Enabling more efficient and cost-effective AI/ML systems with Collective Mind, virtualized MLOps, MLPerf, Collective Knowledge Playground and reproducible optimization tournaments

知识 (knowledge) · 优化器 · Learning · MLOps · ML ·

2024 年 12 月 2 日

翻译：通过Collective Mind、虚拟化MLOps、MLPerf、Collective Knowledge Playground与可复现优化竞赛实现更高效、更具成本效益的AI/ML系统

Grigori Fursin

This white paper introduces my educational community initiative to learn how to run AI, ML and other emerging workloads in the most efficient and cost-effective way across diverse models, data sets, software and hardware. This project leverages Collective Mind (CM), virtualized MLOps and DevOps (CM4MLOps), MLPerf benchmarks, and the Collective Knowledge playground (CK), which I have developed in collaboration with the community and MLCommons. I created Collective Mind as a small and portable Python package with minimal dependencies, a unified CLI and Python API to help researchers and engineers automate repetitive, tedious, and time-consuming tasks. I also designed CM as a distributed framework, continuously enhanced by the community through the CM4* repositories, which function as the unified interface for organizing and managing various collections of automations and artifacts. For example, CM4MLOps repository includes many automations, also known as CM scripts, to streamline the process of building, running, benchmarking, and optimizing AI, ML, and other workflows across ever-evolving models, data, and systems. I donated CK, CM and CM4MLOps to MLCommons to foster collaboration between academia and industry to learn how to co-design more efficient and cost-effective AI systems while capturing and encoding knowledge within Collective Mind, protecting intellectual property, enabling portable skills, and accelerating the transition of the state-of-the-art research into production. My ultimate goal is to collaborate with the community to complete my two-decade journey toward creating self-optimizing software and hardware that can automatically learn how to run any workload in the most efficient and cost-effective manner based on user requirements and constraints such as cost, latency, throughput, accuracy, power consumption, size, and other critical factors.
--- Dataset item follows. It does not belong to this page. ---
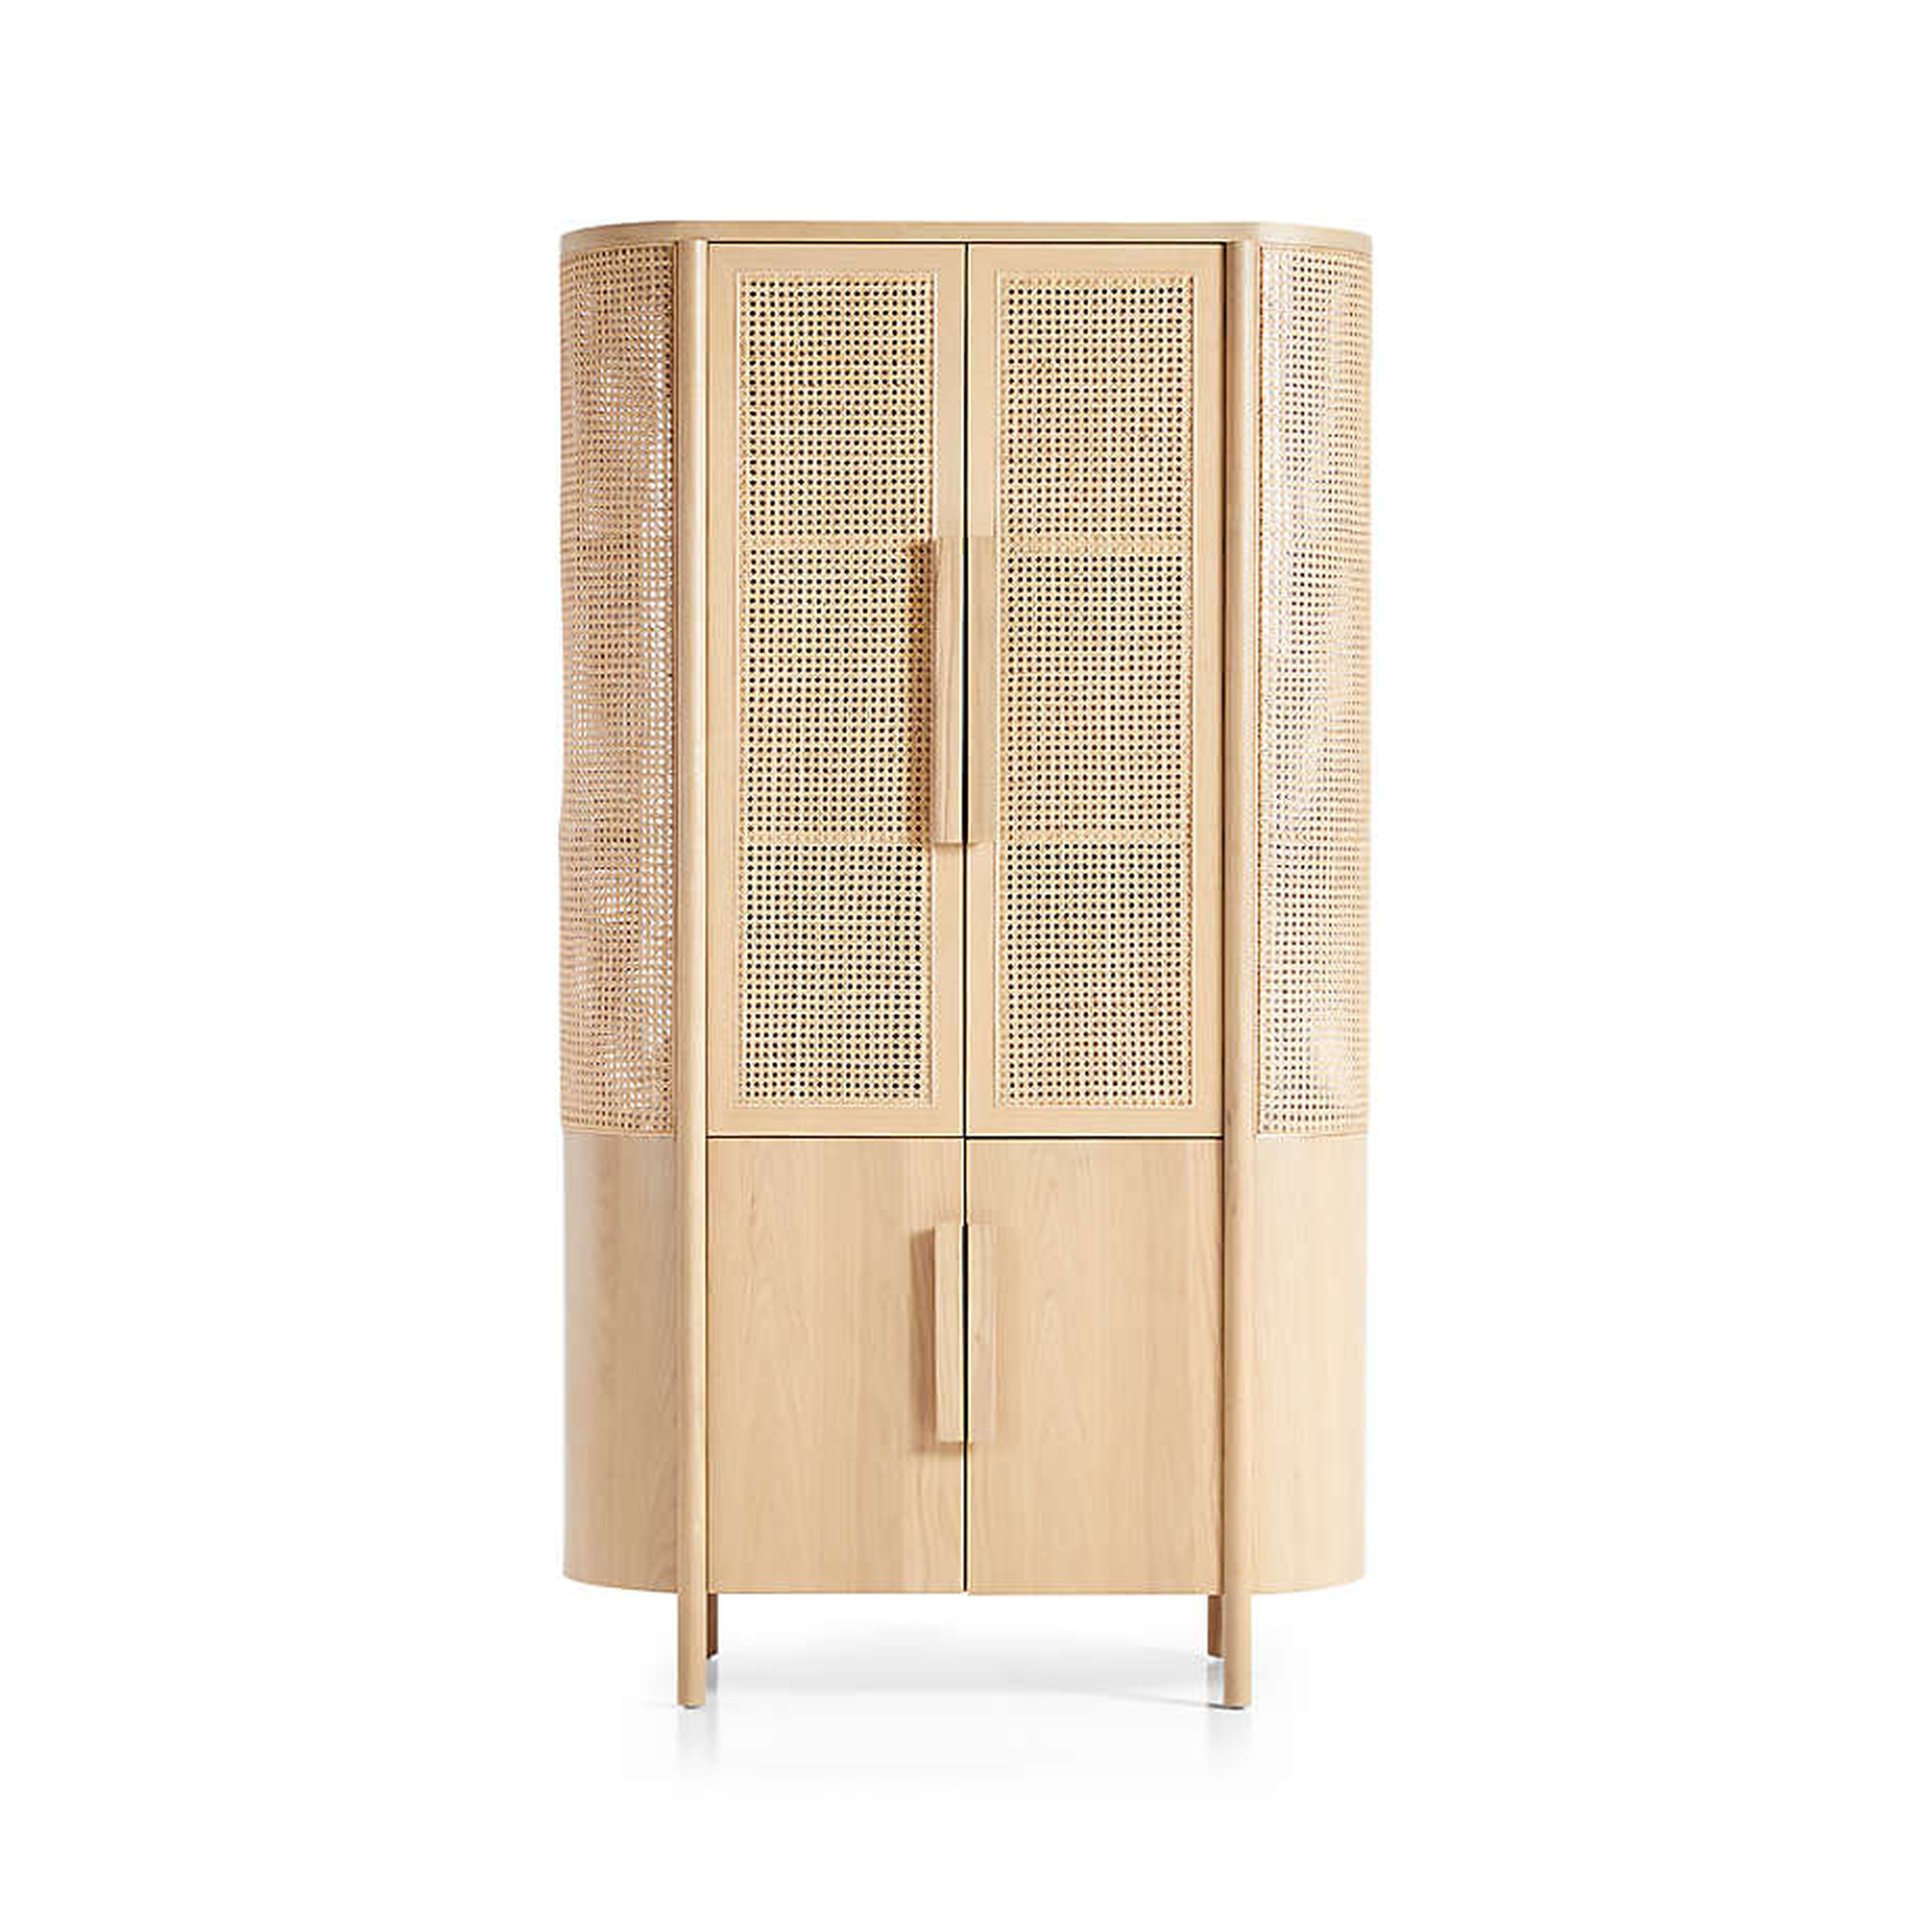 Fields Natural Storage Cabinet by Leanne Ford - Crate and Barrel

翻译：本白皮书介绍了一项教育性社区倡议，旨在探索如何在多样化的模型、数据集、软件和硬件上以最高效且最具成本效益的方式运行人工智能、机器学习及其他新兴工作负载。该项目利用了我与社区及MLCommons共同开发的Collective Mind（CM）、虚拟化MLOps与DevOps（CM4MLOps）、MLPerf基准测试以及Collective Knowledge playground（CK）。我将Collective Mind设计为一个轻量级、可移植的Python包，其依赖项极少，并提供统一的命令行界面和Python API，以帮助研究人员和工程师自动化重复性、繁琐且耗时的任务。同时，我将CM构建为一个分布式框架，通过CM4*代码库由社区持续增强；这些代码库作为统一接口，用于组织和管理各类自动化脚本与构件。例如，CM4MLOps代码库包含众多自动化脚本（亦称CM脚本），可简化为适应不断演进的模型、数据和系统而构建、运行、基准测试及优化AI、ML等工作流程的过程。我已将CK、CM及CM4MLOps捐赠给MLCommons，以促进学术界与工业界的协作，共同探索如何协同设计更高效、更具成本效益的AI系统，同时将知识捕获并编码于Collective Mind中，保护知识产权，实现可移植技能，并加速前沿研究向生产环境的转化。我的最终目标是与社区合作，完成我历时二十年的探索之旅：创建能够根据用户需求及成本、延迟、吞吐量、精度、功耗、规模等关键约束条件，自动学习以最高效、最具成本效益的方式运行任何工作负载的自优化软件与硬件。